2020 — 2021

Building a robot that learns on its own

From zero to a DeepQ neural network trained in a custom 3D simulation.

In 2020 I had one fixed idea in my head: build a robot that would learn to move on its own. Not buy one. Build it. And teach it.

R0-BB1 was born on my desk. Cheap servos, a microcontroller, lots of tape. But the interesting part wasn't out there — it was inside: the DeepQ neural network that would control it.

Simulation first

Training a reinforcement agent in the physical world is brutal. Every mistake is broken plastic. So the first thing was to build a custom 3D simulation where the robot could fall a thousand times without consequence.

The loop was simple to describe, brutal to tune:

The agent observes its environment
Picks an action
Receives a reward (walking = +, falling = —)
Updates the weights of its network

Hundreds of thousands of iterations later, R0-BB1 started walking.

There's nothing like watching something you built making decisions on its own.

R0-BB2: the second generation

In 2021 came R0-BB2. Better hardware, finer sensors, and a model trained on a simulation dataset 10x larger.

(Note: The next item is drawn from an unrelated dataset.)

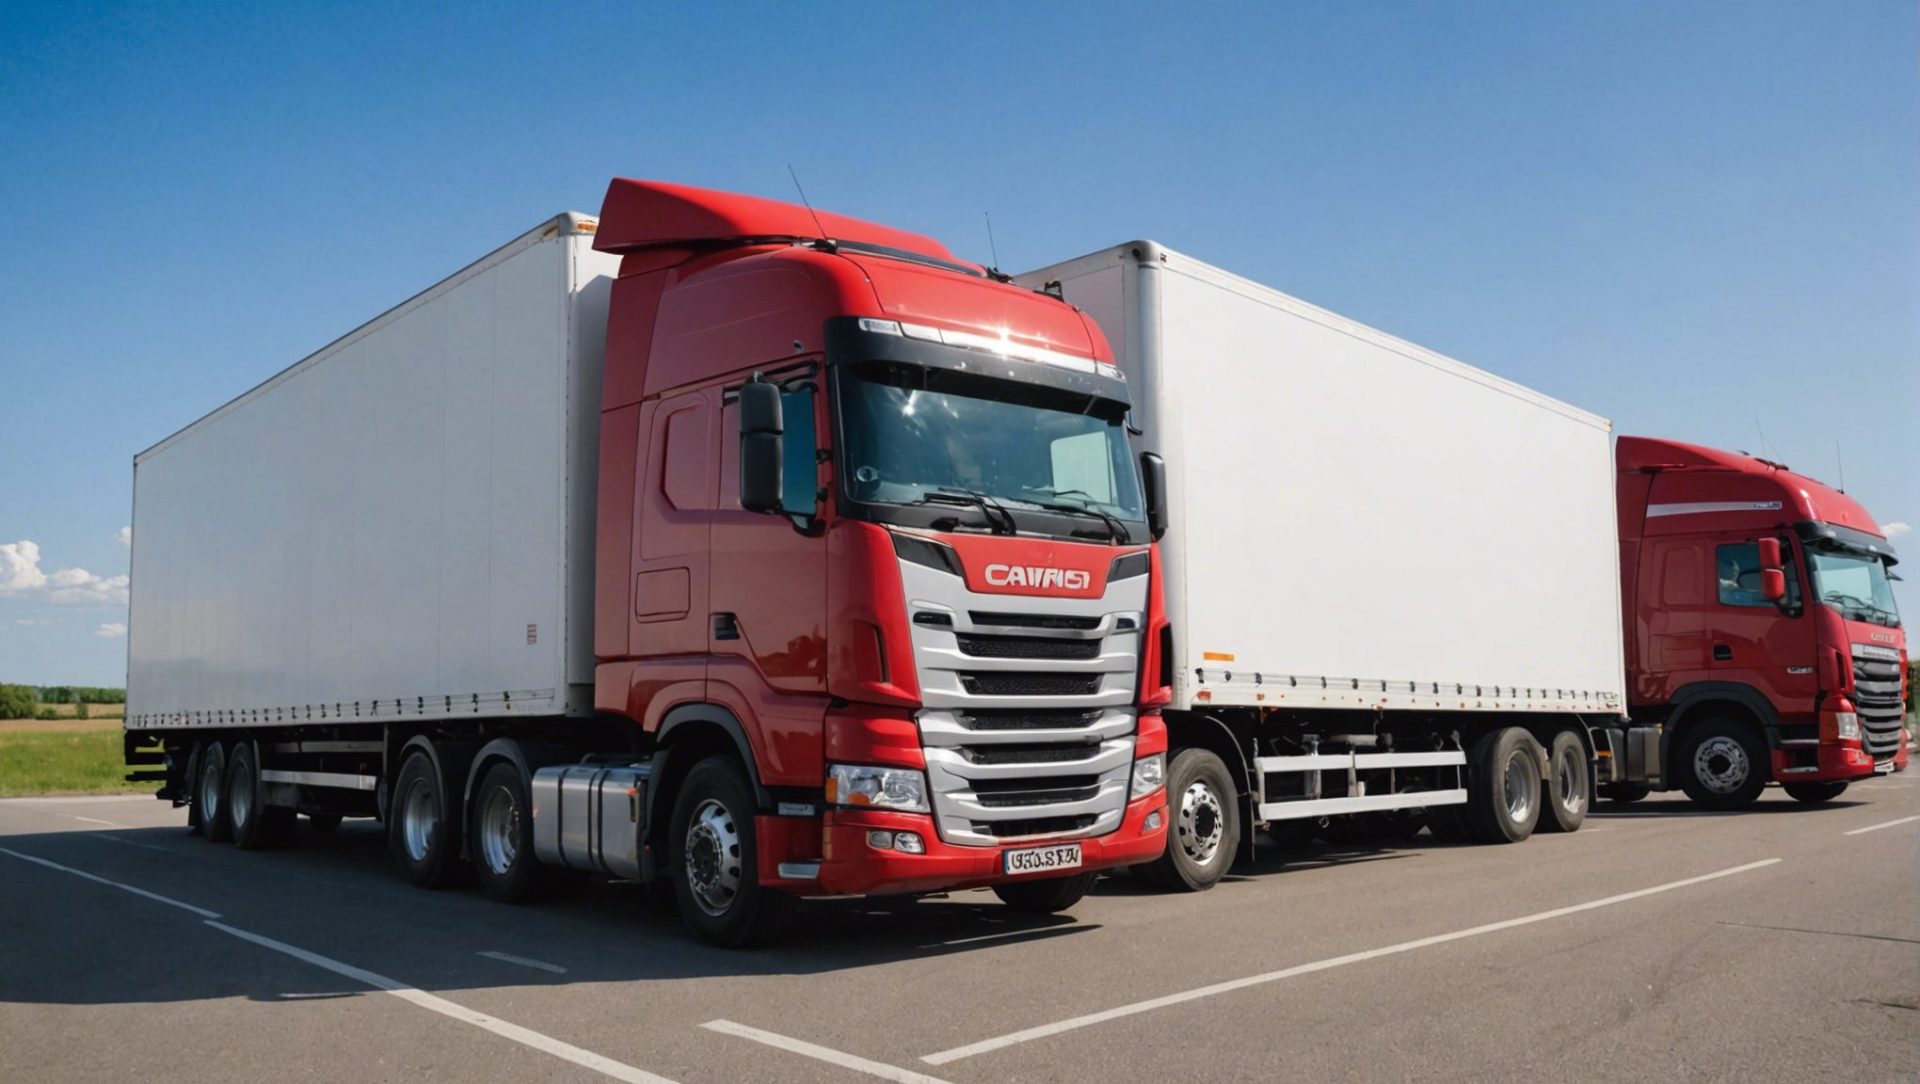 découvrez les divers types de camions de transport dans cet article informatif. trouvez des informations utiles sur les différents modèles de camions utilisés dans le secteur du transport.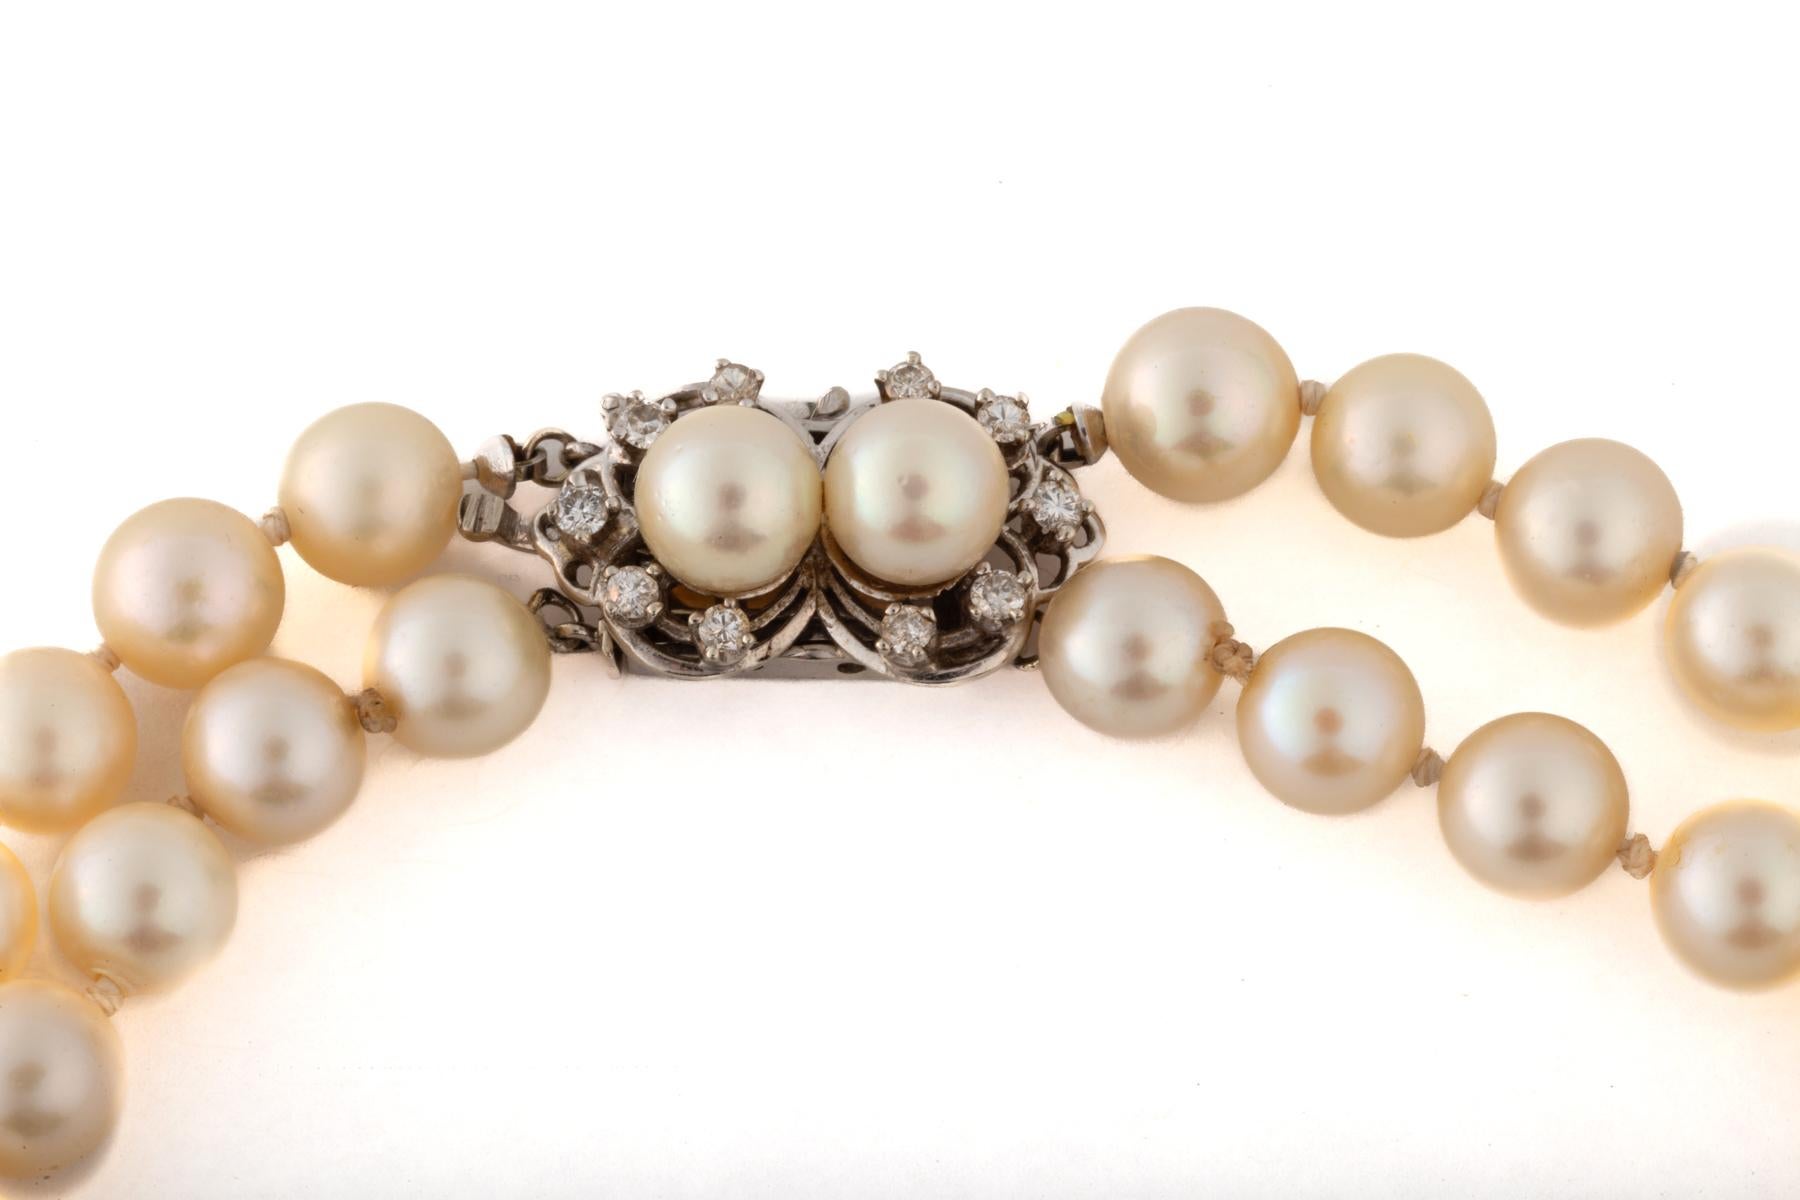 Un double rang de perles de culture de 7,143 mm est fermé par un magnifique fermoir en perles et diamants. Les perles sont portées aujourd'hui comme à l'époque géorgienne. Ces mèches sont de couleur crème avec une touche de rose. Les perles sont

But the important lesson was different: the detail of the simulated environment matters more than the complexity of the model.

What I took away

Systems that learn are a conversation between you and the machine, not a procedure
Patience to iterate pays more than speed to code
The difference between a project that works and one that doesn't is the quality of the simulation

This project brought me into applied AI the only honest way: breaking things until they stopped breaking.